La jeune fille la remercia d’un sourire et lui assura qu’elle la reverrait avec plaisir le lendemain, en cours, avant de se diriger vers les vitrines. Alors, seulement, elle s’interrogea sur la familiarité étrange de Mlle Sophia.

En passant entre les élégants rayonnages, elle sentit une masse sombre et macabre voler au-dessus de sa tête et leva les yeux.

Non. Pas ici. Pitié… Que j’aie au moins un endroit tranquille…

Quand les ombres se manifestaient, Luce ne savait jamais exactement où elles s’arrêteraient, ni au bout de combien île temps elles reviendraient.

 

C’était bizarre... Quelque chose avait changé. Luce était terrifiée, certes, mais elle n’avait pas froid. En fait, elle avait même un peu chaud, alors qu’il faisait tout juste bon, dans la bibliothèque... Puis elle aperçut Daniel de dos.
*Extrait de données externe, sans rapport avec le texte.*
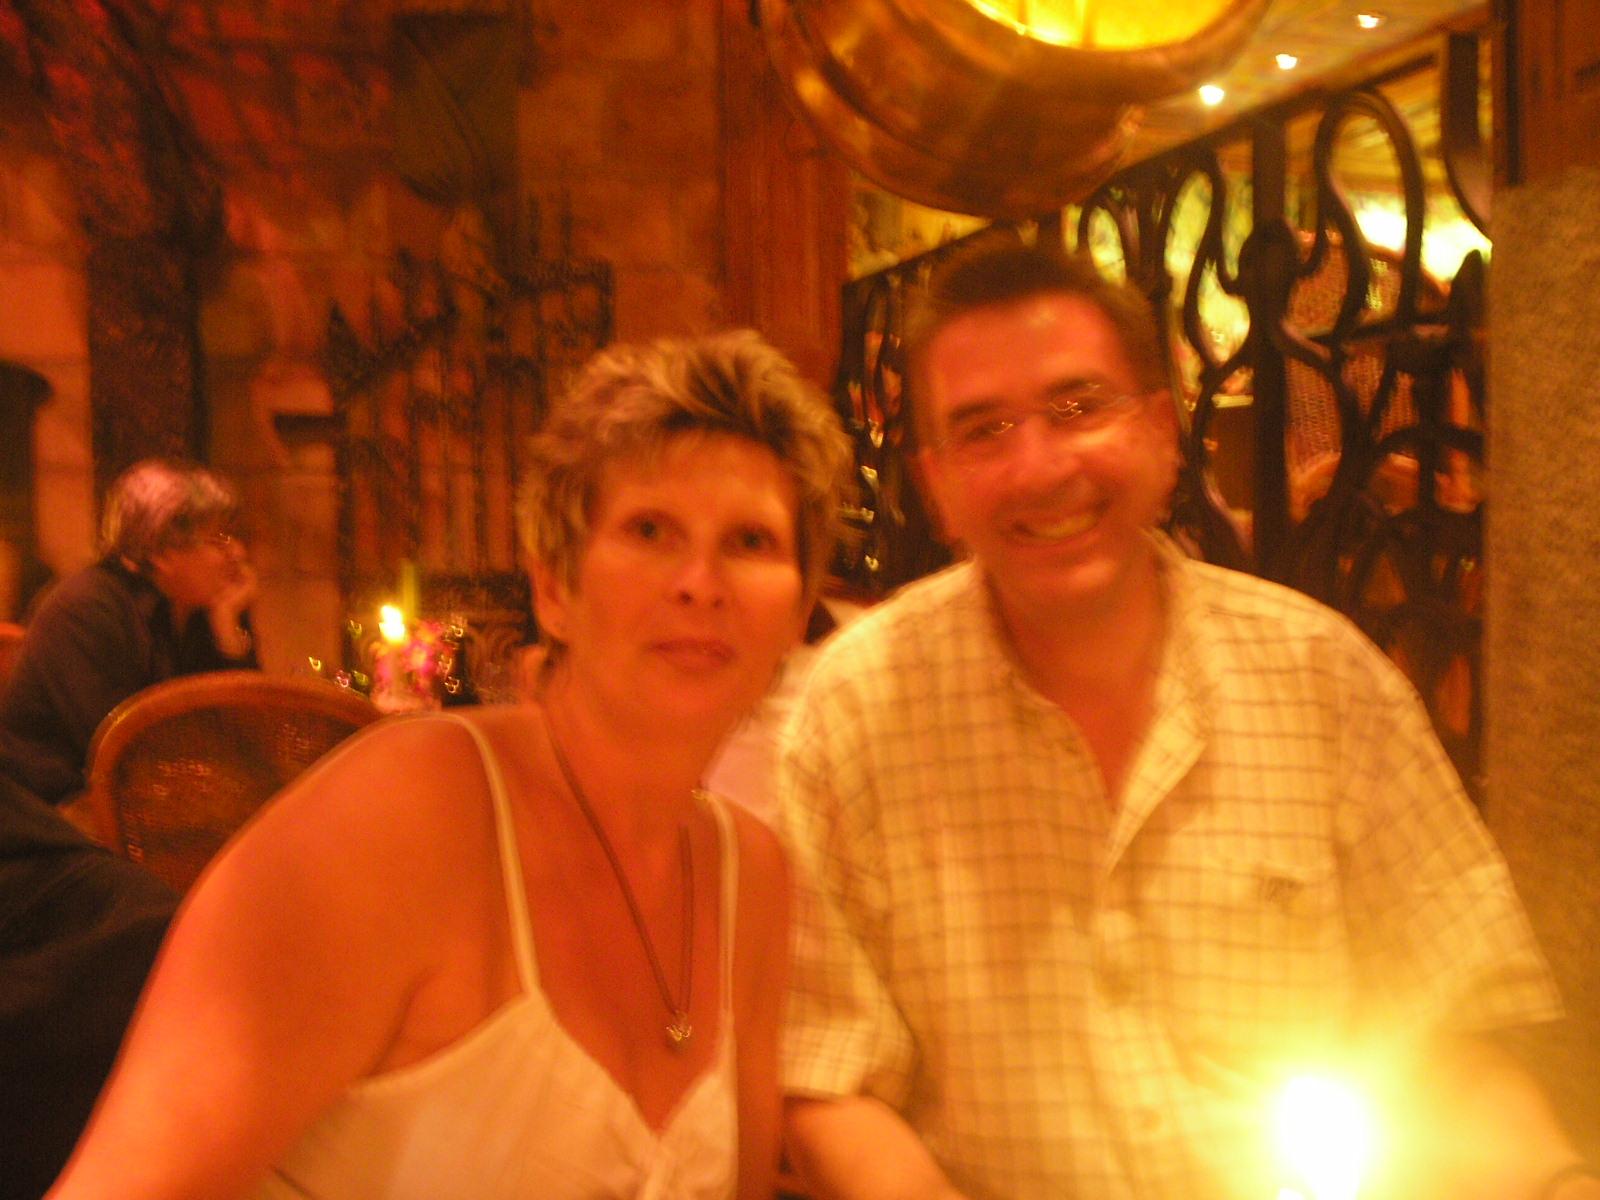 mr-csery-mrs-fontaine-france-june-2007.jpg

Face à la fenêtre, il était penché sur un présentoir portant l’inscription « collections spéciales » en lettres blanches. Les manches de son blouson en cuir usé étaient remontées jusqu’aux coudes. Ses cheveux blonds scintillaient dans la lumière. Il avait beau avoir les épaules voutées, Luce eut envie de se blottir contre lui. Chassant vite cette idée de son esprit, elle se hissa sur la pointe des pieds pour mieux le voir. Elle n’en était pas certaine, mais il semblait dessiner.

Elle observa le léger mouvement de son corps, tandis qu’il traçait ses traits. Ses entrailles s’enflammèrent, comme si elle avait avalé un aliment brûlant. Sans savoir pourquoi, et en dépit de toute raison, elle avait l’intuition qu’il esquissait son portrait.
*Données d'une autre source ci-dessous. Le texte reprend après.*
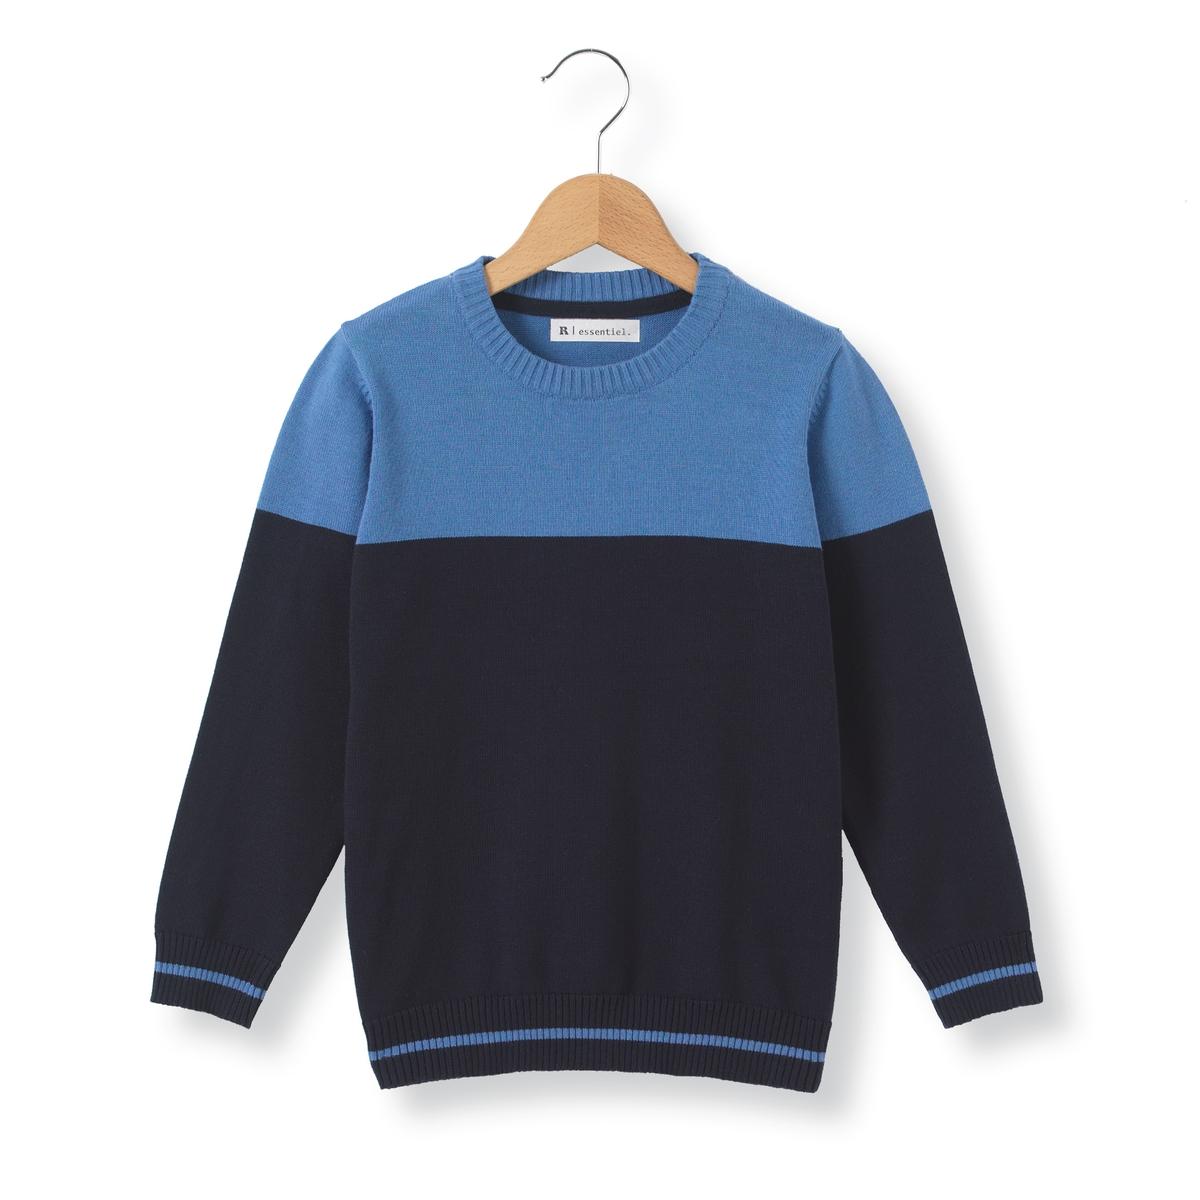 Пуловер двухцветный с круглым вырезом, 3-12 лет

Mieux valait ne pas s’approcher de lui... Après tout, elle ne le connaissait même pas ! Elle ne lui avait jamais parlé. Leurs échanges se cantonnaient, pour l’heure, à un doigt d’honneur et quelques regards hostiles. Pourtant elle eut soudain très envie de découvrir ce qui figurait sur son carnet.

La réponse la frappa de plein fouet. Son rêve de la veille ! Elle eut une sorte de flash : il était tard, par une nuit froide et humide. Vêtue d’un vêtement long et fluide. Elle était appuyée contre une fenêtre ornée d’un rideau, dans une pièce inconnue. La seule autre personne présente était un homme... un garçon, dont elle n’avait jamais le visage. Il traçait son portrait sur un bloc de papier épais. Ses cheveux, son cou, le contour précis de son profil… Trop intriguée pour se détourner, elle resta derrière lui, de peur qu’il se sache épié.

Luce sursauta en sentant un pincement sur son épaule. Puis une masse flotta au-dessus de sa tête. L’ombre avait ressurgi, noire et épaisse comme un rideau.

Les battements de son cœur s’amplifièrent à tel point que leur son couvrit le bruissement de l’ombre. Daniel leva les yeux de son dessin, vers l’endroit précis où planait l’ombre, mais il ne sursauta pas comme Luce.

Normal. Il ne voyait pas les ombres, lui. Il regarda tranquillement par la fenêtre.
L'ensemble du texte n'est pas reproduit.